[RECORDS TO USE]

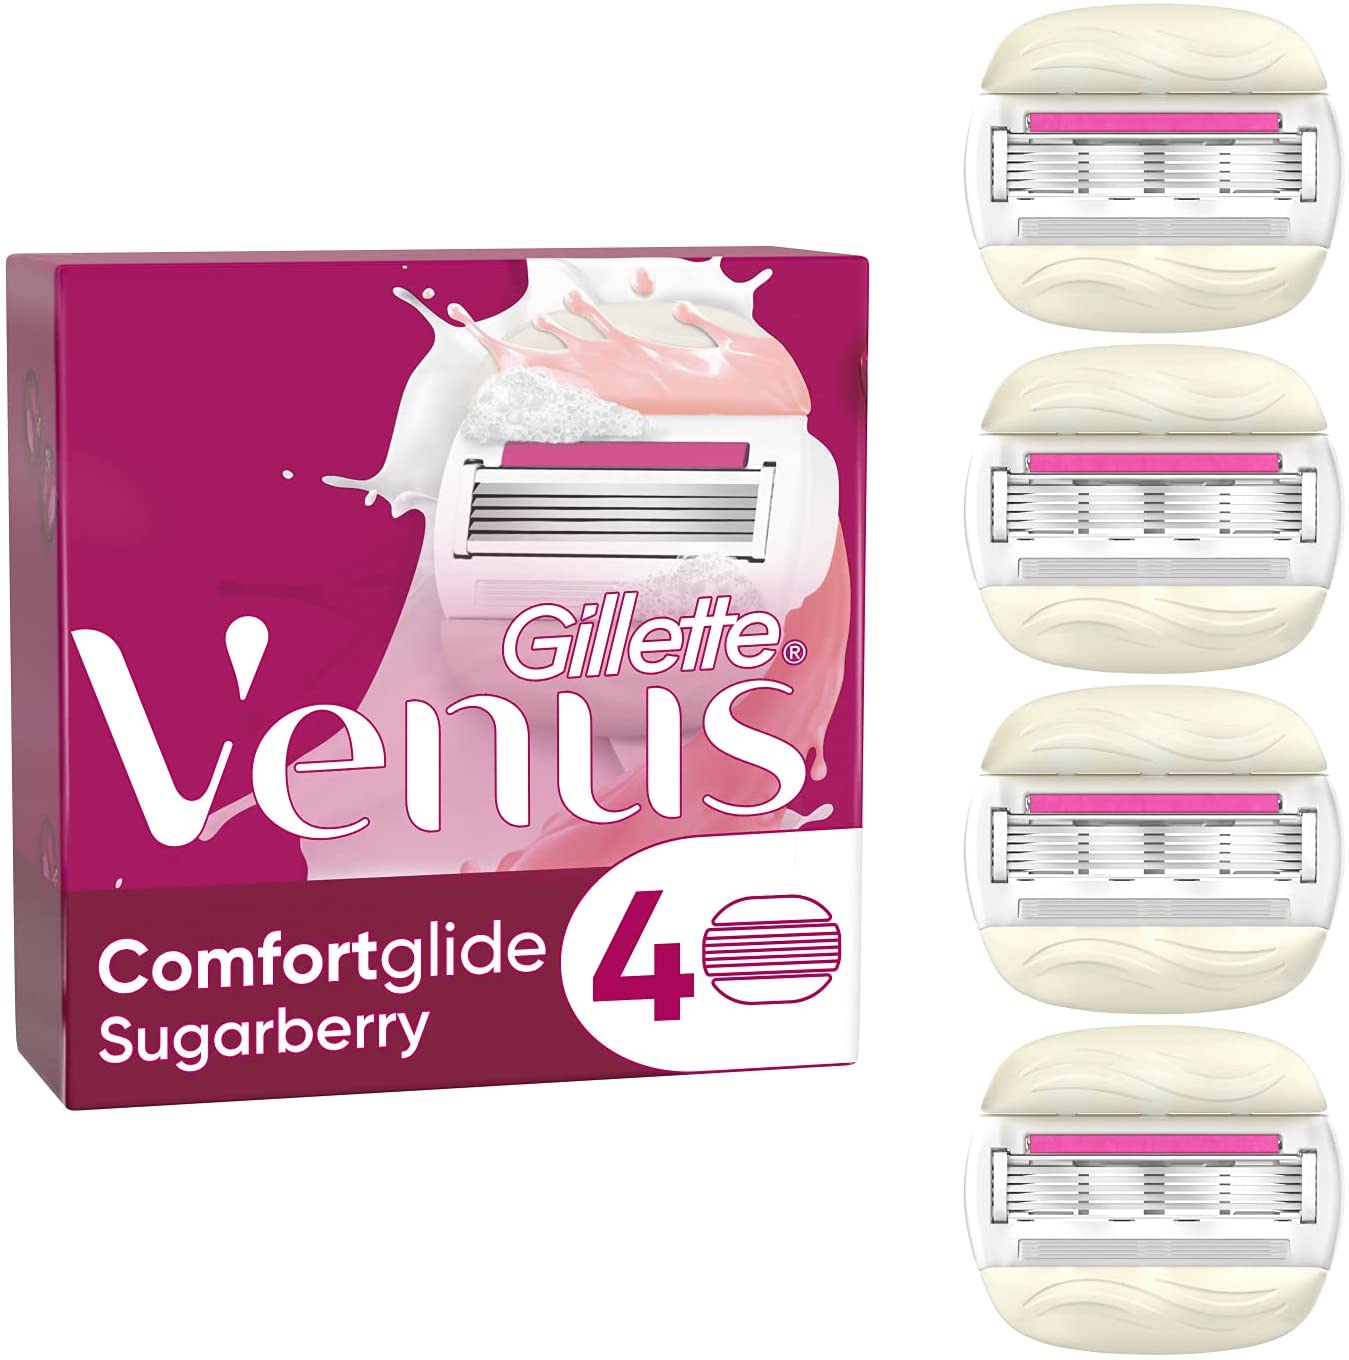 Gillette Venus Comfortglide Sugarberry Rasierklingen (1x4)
==
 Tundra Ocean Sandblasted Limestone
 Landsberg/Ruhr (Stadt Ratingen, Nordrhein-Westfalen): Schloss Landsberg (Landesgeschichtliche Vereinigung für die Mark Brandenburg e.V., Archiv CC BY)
==
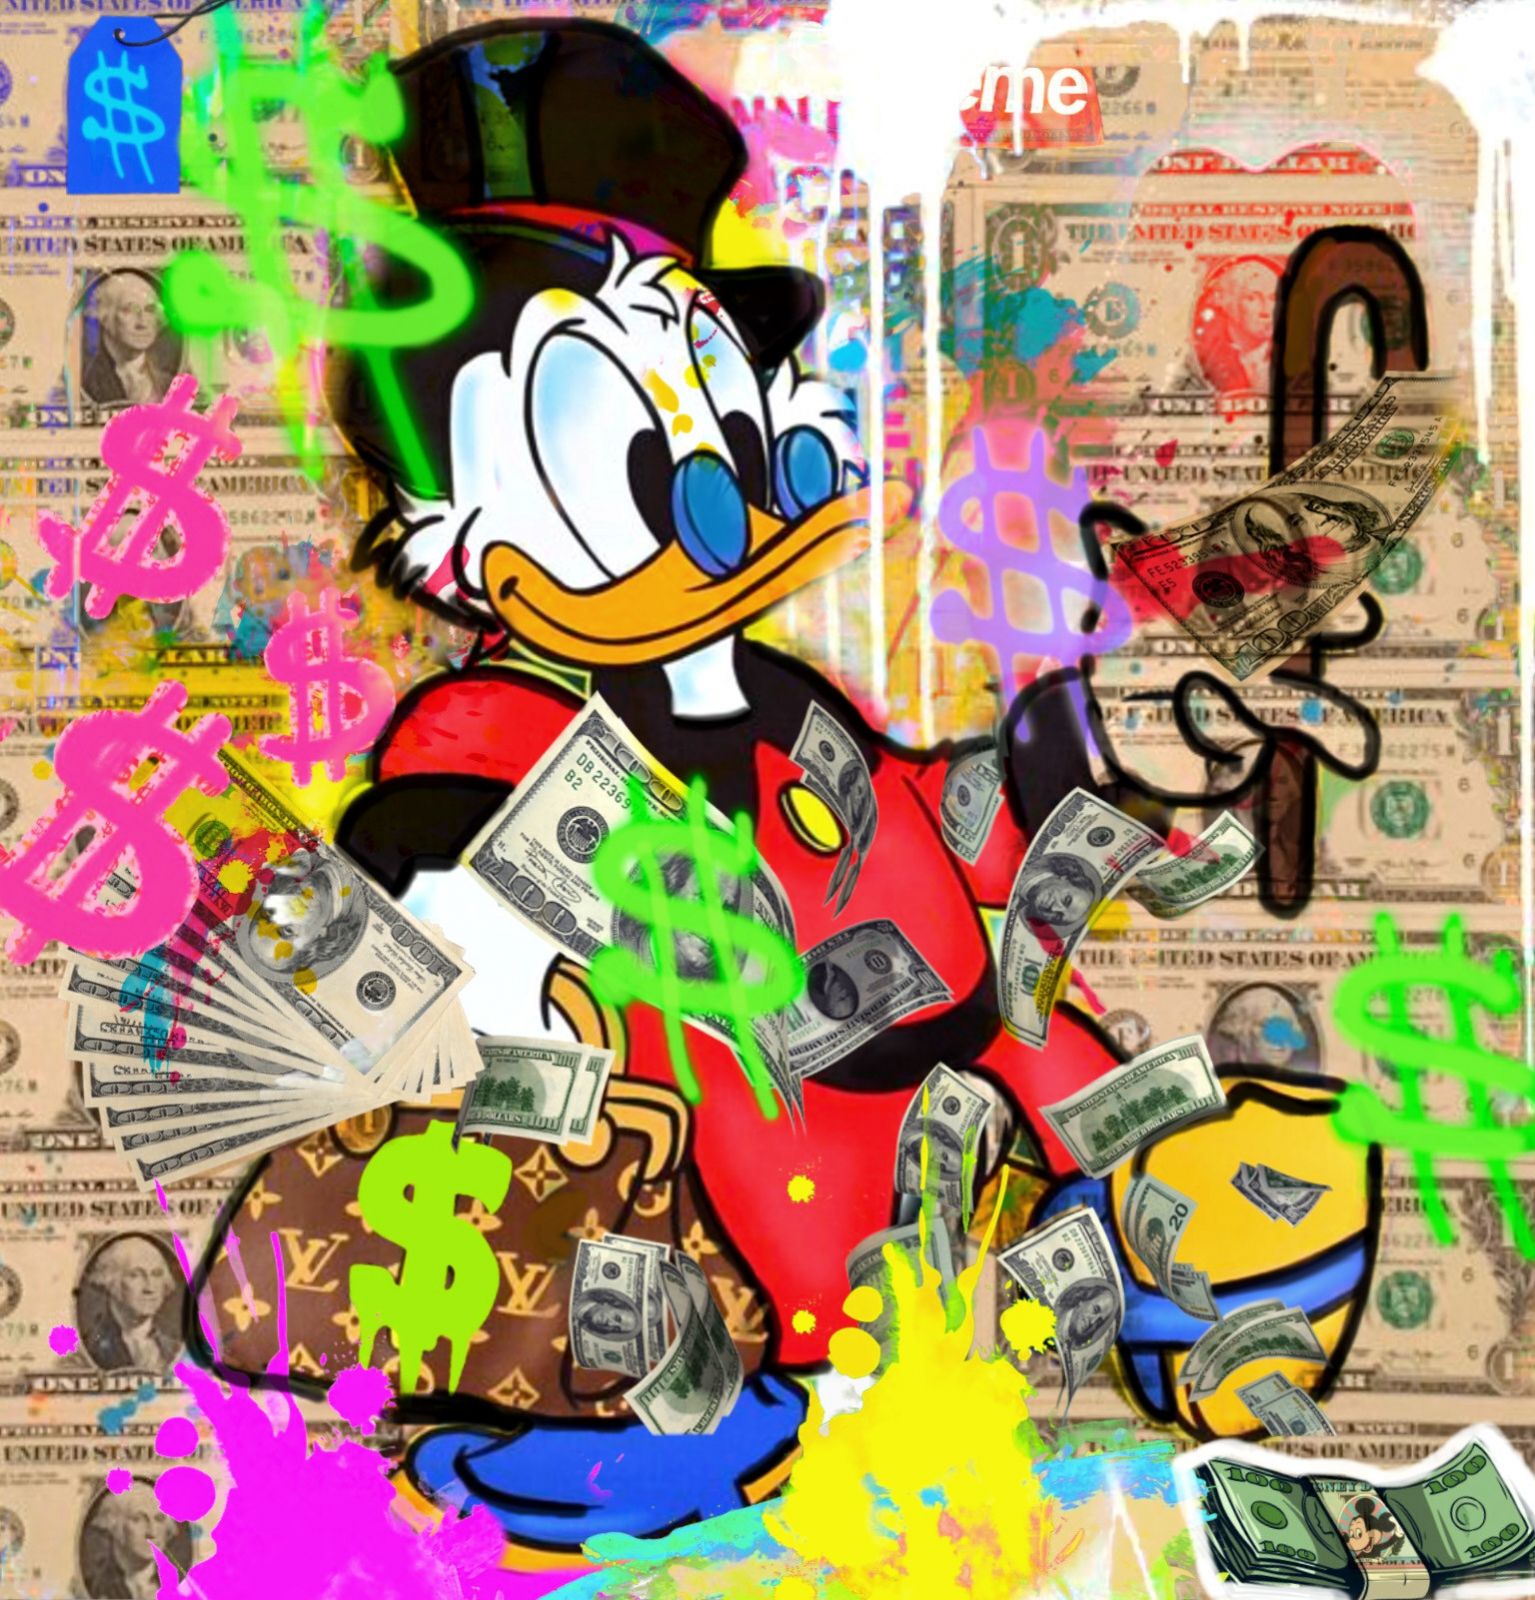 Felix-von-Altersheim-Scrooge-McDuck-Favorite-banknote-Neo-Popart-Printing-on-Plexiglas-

[TASK] Please transcribe only the lines in the records above running from the line that has "Tundra Ocean Sandblasted Limestone" through the line that has "Landsberg/Ruhr (Stadt Ratingen, Nordrhein-Westfalen): Schloss", both included, exactly as they appear.

[ANSWER SPACE]
 Tundra Ocean Sandblasted Limestone
 Landsberg/Ruhr (Stadt Ratingen, Nordrhein-Westfalen): Schloss Landsberg (Landesgeschichtliche Vereinigung für die Mark Brandenburg e.V., Archiv CC BY)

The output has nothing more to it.